持参した、放射線の空間線量を測定する線量計のデジタル画面の数字は、刻一刻変わる。例えば、先述の長泥地区に通じるゲート前が三・七μSv/hだったが、そこから車で十分も走らない芦原地区で車を止めて測定したら、五・二μSv/h、役場から遠くない飯樋地区の元幼稚園では、〇・九八μSv/hだった。

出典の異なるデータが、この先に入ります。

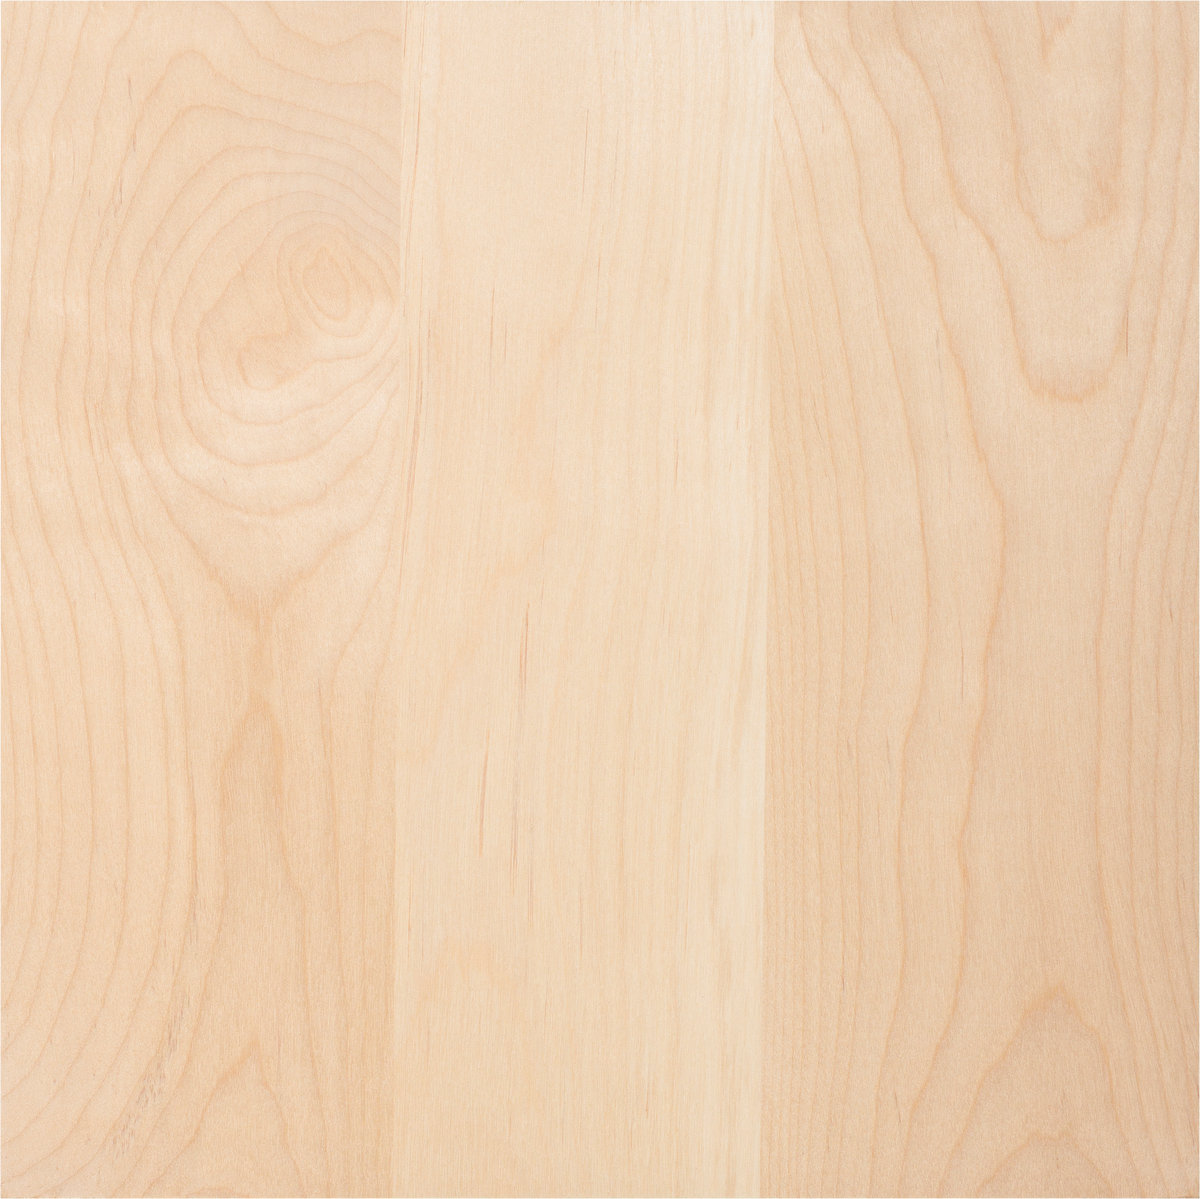 Standard Wood Species | Meridian Products

度々福島を訪ねている獣医師の武藤さんは、「放射線量はピンポイントです。〇・一μSv/hの場所から一㍍離れると三μSv/hだったりする。温度計なら、二〇℃の周りは、違ってもせいぜい一九℃か、二一℃か、そんなものですよね。放射線量は違う」と説明する。そして、「被ばくの影響は、人体にすぐには出てこない。そこが原爆と違うところ。線量が高い場所で長く暮らし、内部被ばくが原因で数年後にガンを発症しても、国や東電は因果関係は証明されていないなどとシラを切るんでしょうね。ひどい話だよ」と吐き出すように言う。

元高校教師の菅家新・原発事故の完全賠償をさせる会事務局長(66)の案内で、富岡町の夜ノ森(よのもり)地区を再訪した。一日目に、「被災地フクシマの旅」実行委員会の渡辺勝義さん(65)と訪ねている。